Corrigan, Acting P. L, and Homer, J.,
Appellant’s petition for review by the Supreme Court was denied September 26, 2001.
Notes
These calculations are our own; they are not stated in the order.
All statutory references are to the Family Code unless otherwise stated.
Dancy was decided over three months before the Attorney General filed its opening brief in support of Lesley’s appeal. (Seе Dancy, supra,
“In fact, we note that laches is one of the stated grounds that an obligor-parent alleged to be in arrears may use as either a defense to a motion for an order requiring the obligor-parent to deposit assets to secure future payments or as a basis for filing a motion to stop a sale or use of assets under [Family Code] section 4631.”
Section 3651, subdivision (c) states, in relеvant part: “[A] support order may not be modified or terminated as to an amount that accrued before the date of the filing of the notice of motion or order to show cause to modify or terminate.”
Section 3692 states: “Notwithstanding any other provision of this article, or any other law, a support order may not be set aside simply because the court finds that it was inequitable when made, nor simply because subsequent circumstances caused the support ordered to become excessive or inadequate.”
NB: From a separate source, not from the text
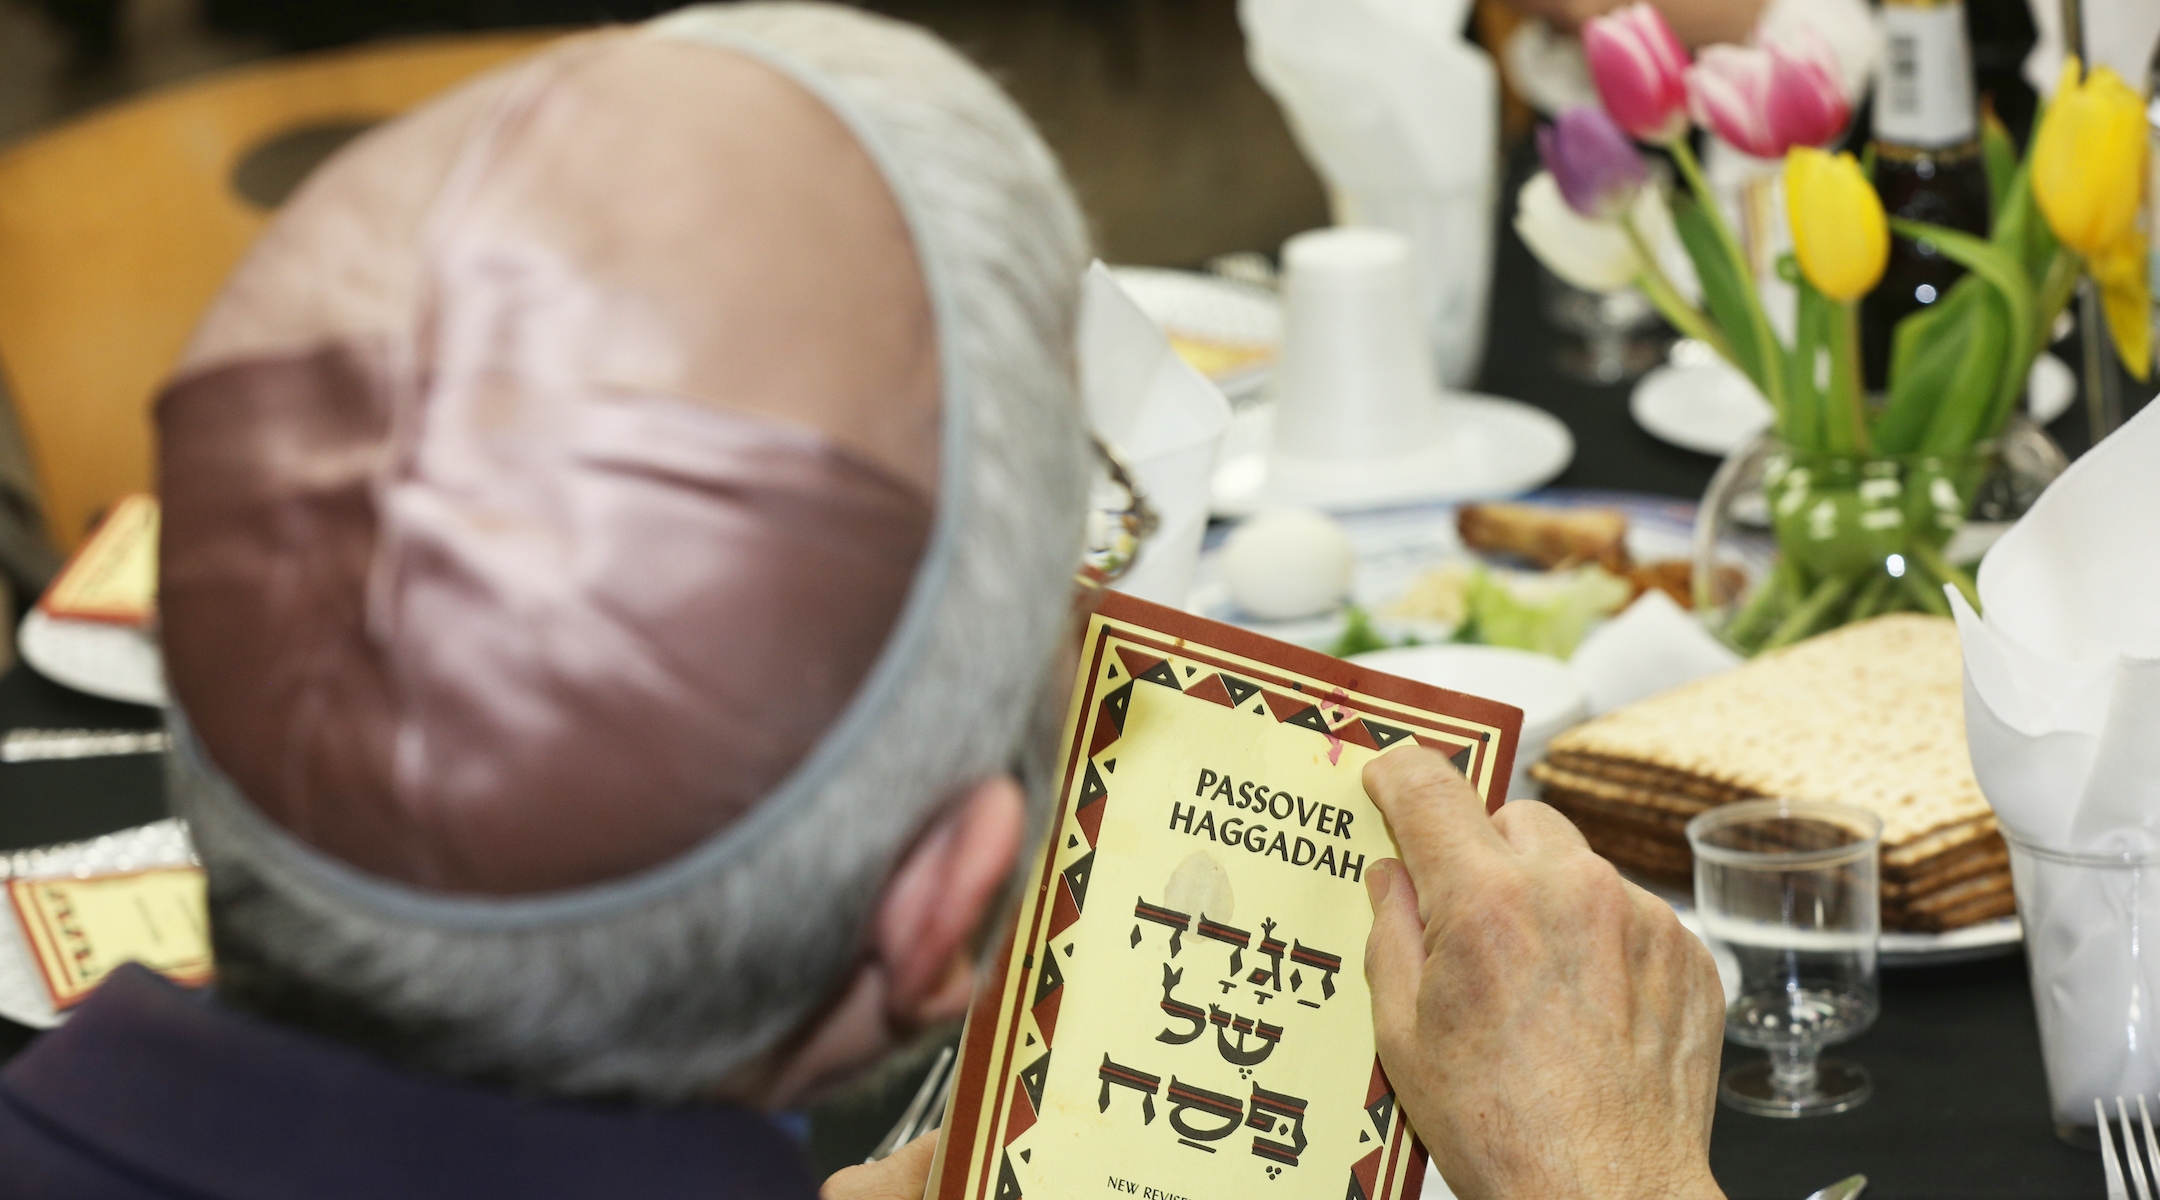 A Jewish man reads the Passover Haggadah during a seder in North York, Ontario, Canada on April 19, 2019. (Creative Touch Imaging Ltd./NurPhoto via Getty Images)

Nor have we found any mention of laches in the legislative history of Assembly Bill No. 380 (1999-2000 Reg. Sess.), which enacted section 3692. Indeed, rather than narrowing the court’s power to modify support judgments, this bill broadened the court’s ability to set aside support orders obtained as a result of actual fraud, perjury or lack of notice. (Stats. 1999, ch. 653, § 6.)
Judge of the Alameda Superior Court, assigned by the Chief Justice pursuant to article VI, section 6 of the California Constitution.